やばい。時間がない。僕は駆け足でメールを打ち、誤字脱字がないかだけチェックすると、えいやとなかばやけっぱちのような気持ちでエンターキーを叩いた。

本日の営業は終了です。口の中でそう唱え勢い良くノートパソコンの蓋を閉める。投げ込むようにしてカバンにパソコンを詰め込み、席を立つ。

今日の開演時刻は19時。劇場に駆け込み、受付を通り抜けると、ロビーはすでに大にぎわいだ。物販コーナーには列が並び、待ち合わせをしていたのだろうか、顔を合わせるなり若い女性同士が「久しぶりー!」と高い声をあげた。みんな、うっすらと頬が上気している。これから何かが始まる予感にワクワクしている。

僕はするりとロビーを突っ切って、客席へ移動する。今日の席は、J列の18番。舞台と至近距離とは言えないけれど、真ん中で舞台全体が見やすい良席だ。「すみません」と小さく頭を下げながら、座席前の狭い通路を横切る。席に着いてスマートフォンに目をやると、画面は「18:55」。

よし今日も間に合った、とひと息ついて、スマホの電源をオフにする。ぶるっとバイブが一度震えて、画面がブラックアウトした。これが、僕にとって魔法の合図。煩雑な日常のあれやこれやも、これで完全にシャットダウンだ。

今から僕は別世界へトリップする。

飛行機の離陸を待つみたいに、背もたれに身を預ける。深く息を吸っていたら、すっと静かに音楽が鳴りはじめた。それに合わせるように周囲も途端に静かになる。客席の灯りがゆっくりと落ちていく。1メートル先さえ見えないぐらいあたりは真っ暗だ。引き換えに、音楽がはち切れそうなぐらい高まっていく。

この瞬間だ。僕は、人生でこの瞬間がいちばん気持ちいい。なんだか自分が生きているって感じがする。この高揚感を味わいたくて、毎日すり切れながら働いているとさえ思える。祈るように、きゅっと目を瞑る。今日は、どんな世界が見られるだろうか。

退屈と孤独なフリーランス生活を変えた、観劇生活

僕の趣味は、観劇だ。多いときは週5回。少なくとも週1〜2回のペースで劇場に通っている。この生活が始まったのは、28歳のとき。会社員を辞めて、フリーのライターになった僕は、突然ぽっかりと夜の予定が空いた。

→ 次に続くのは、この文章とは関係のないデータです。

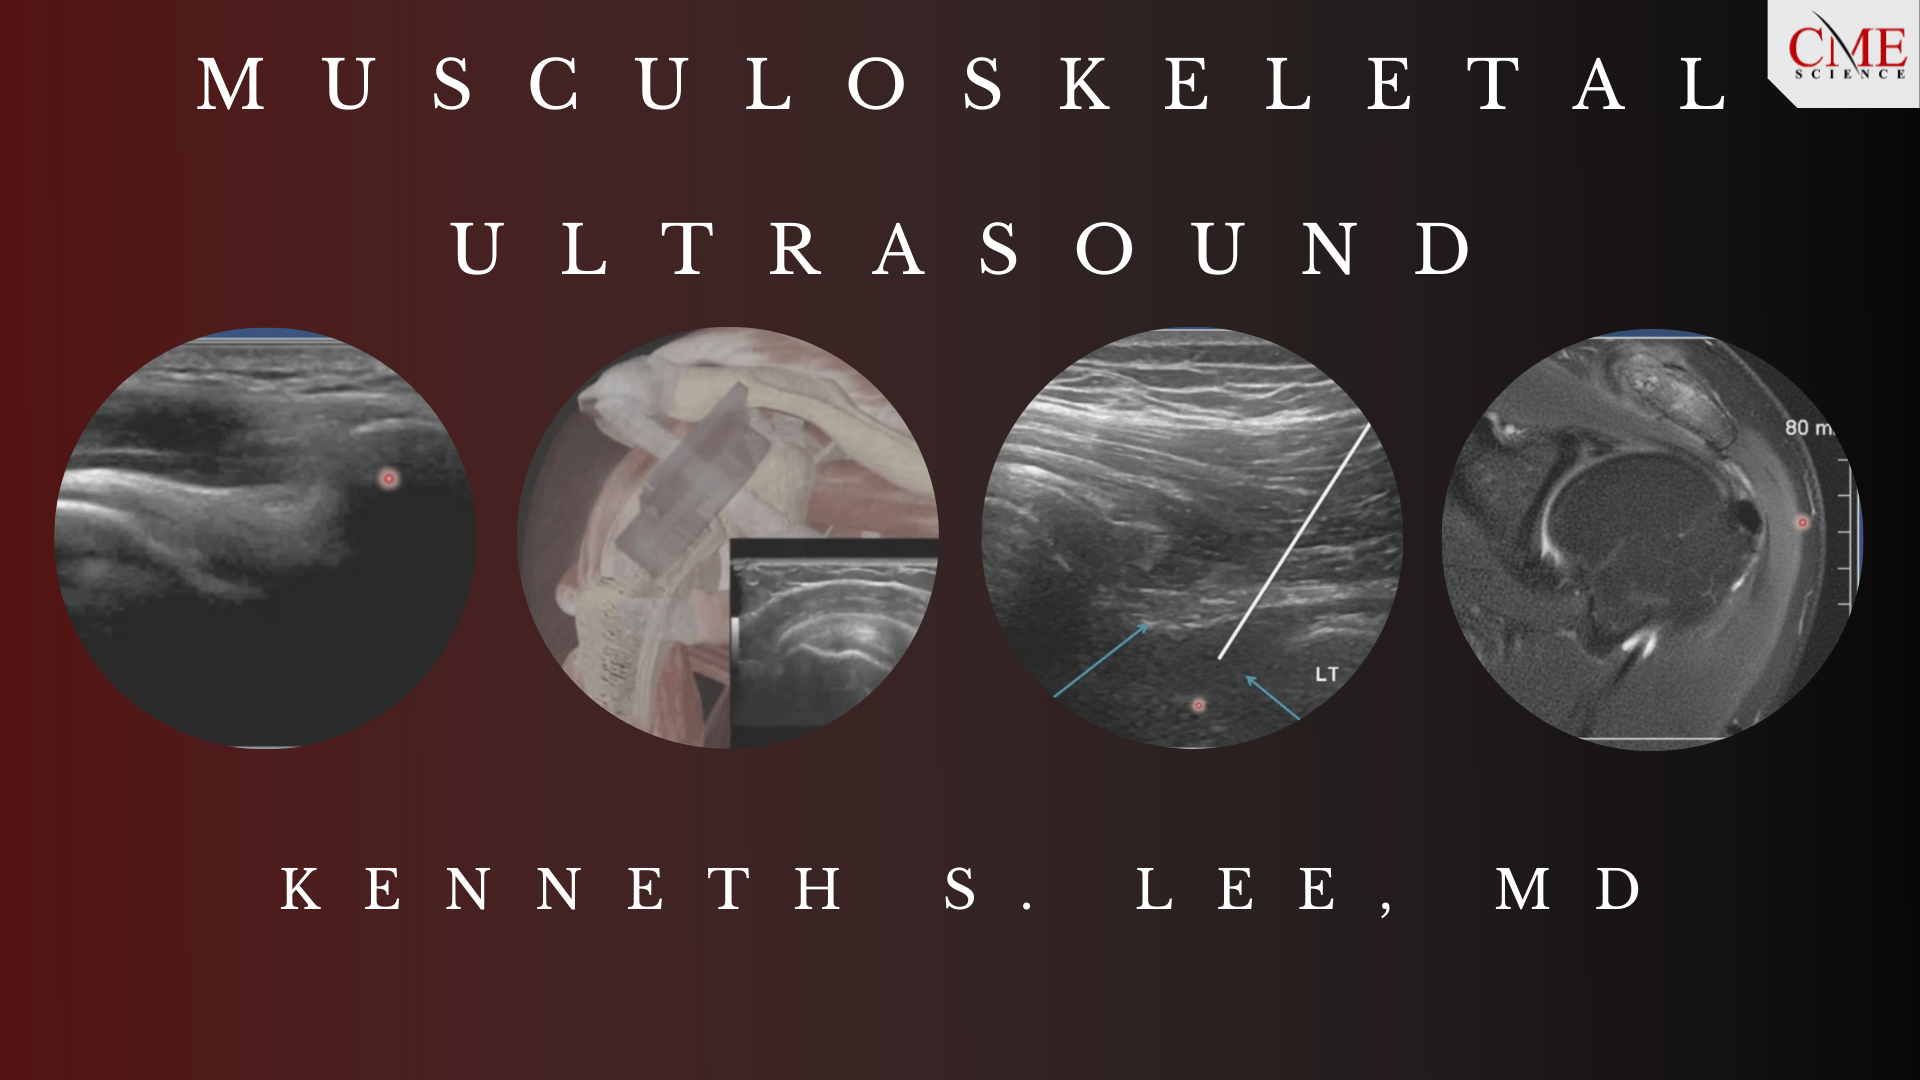 MSK Ultrasound Lee MD

会社員時代は特に理由がなくても同僚たちと遅くまで飲んでいたけれど、一緒に働く仲間がいなくなってからというもの、下手をすると1日誰とも喋らない日もある。飲み会の回数も減った。ぼんやりとテレビを観るぐらいしかやることがない。狭い1DKの部屋で、1秒でも多くカメラに抜いてもらおうと大げさにリアクションをとるタレントを白けた目で眺めていたら、なんだか自分まで面白みのない人間になってしまうような気がした。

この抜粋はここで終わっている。